El jueves 11 de junio de 1931, en el diario El Sol, don Blas Infante hace unas declaraciones donde afirmaba que «todo latifundio andaluz es ilegal en su origen, y tenemos que devolver al campesino andaluz la tierra que le fue arrebatada por derecho de conquista. Mire a Europa: en el siglo XIX, quince naciones monárquicas hicieron la reforma territorial y no sucedió nada».
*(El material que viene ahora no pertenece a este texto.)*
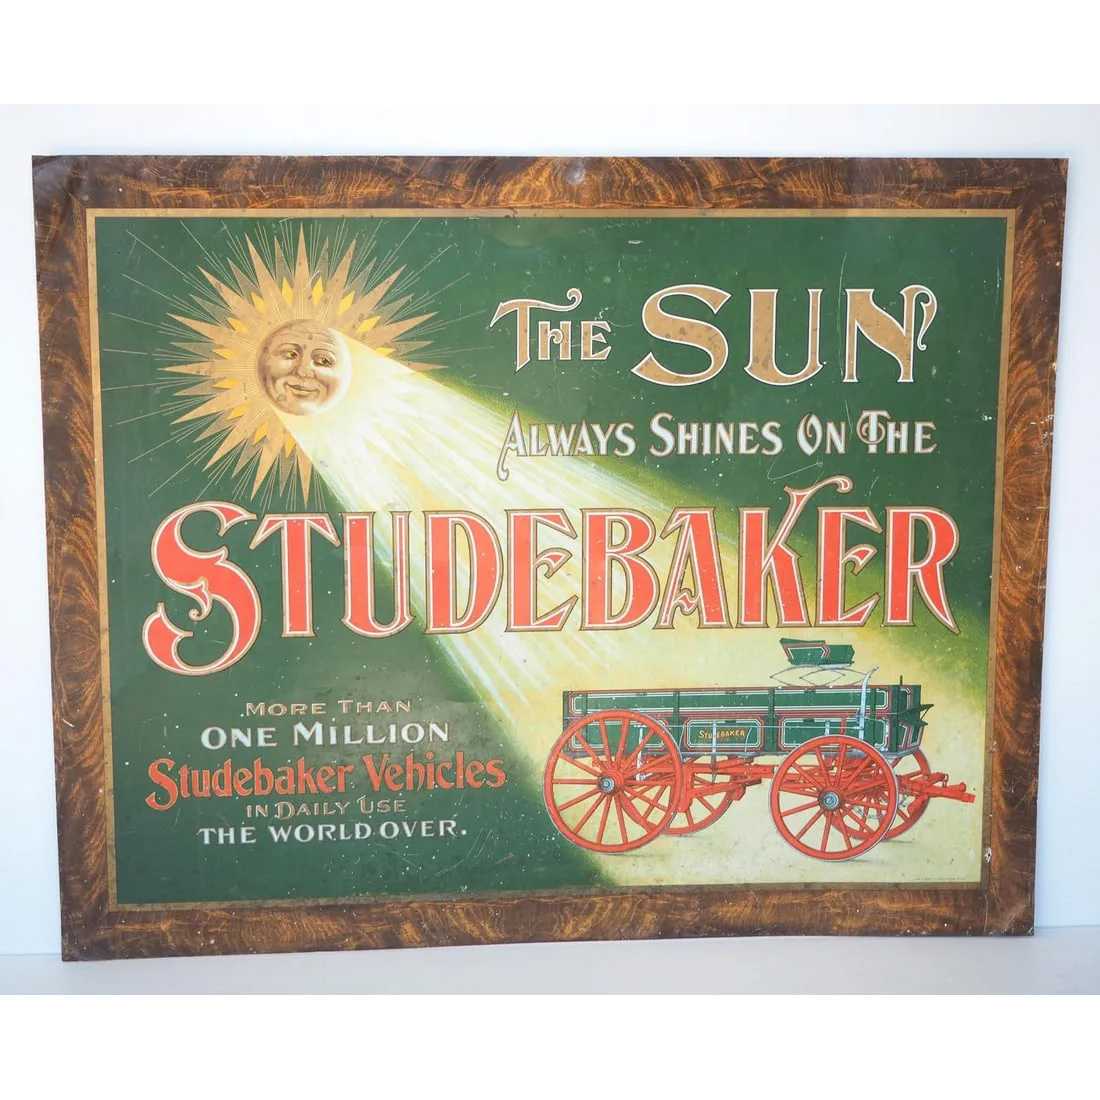 The Sun Always Shines On the Studebaker sign, which sold for $22,000 ($26,400 with buyer’s estimate) at Chupp.

Muchas veces don José escribiría artículos en el diario «Sol».
A través de los Centros Andaluces primero y de las Juntas Liberalista más tarde, nuestro paisano, don José Rodríguez Escobar promociona Andalucía como unidad distinta y viva; un pueblo debe ser culto e ingenioso, trata de conseguir su liberación por medio de la fuerza cultural y renovadora. En gran parte de las actividades motivadas desde estas entidades, sus publicaciones, sus charlas y llamadas, se intenta conseguir la deseada concienciación del pueblo andaluz

Don José Rodríguez Escobar, ante la inoperancia gubernamental, quería la reforma de la agricultura por decreto, y como su compañero y amigo don Blas Infante dice en la página 50 de la obra citada más arriba: «porque mientras los conejos discuten, llegan los perros».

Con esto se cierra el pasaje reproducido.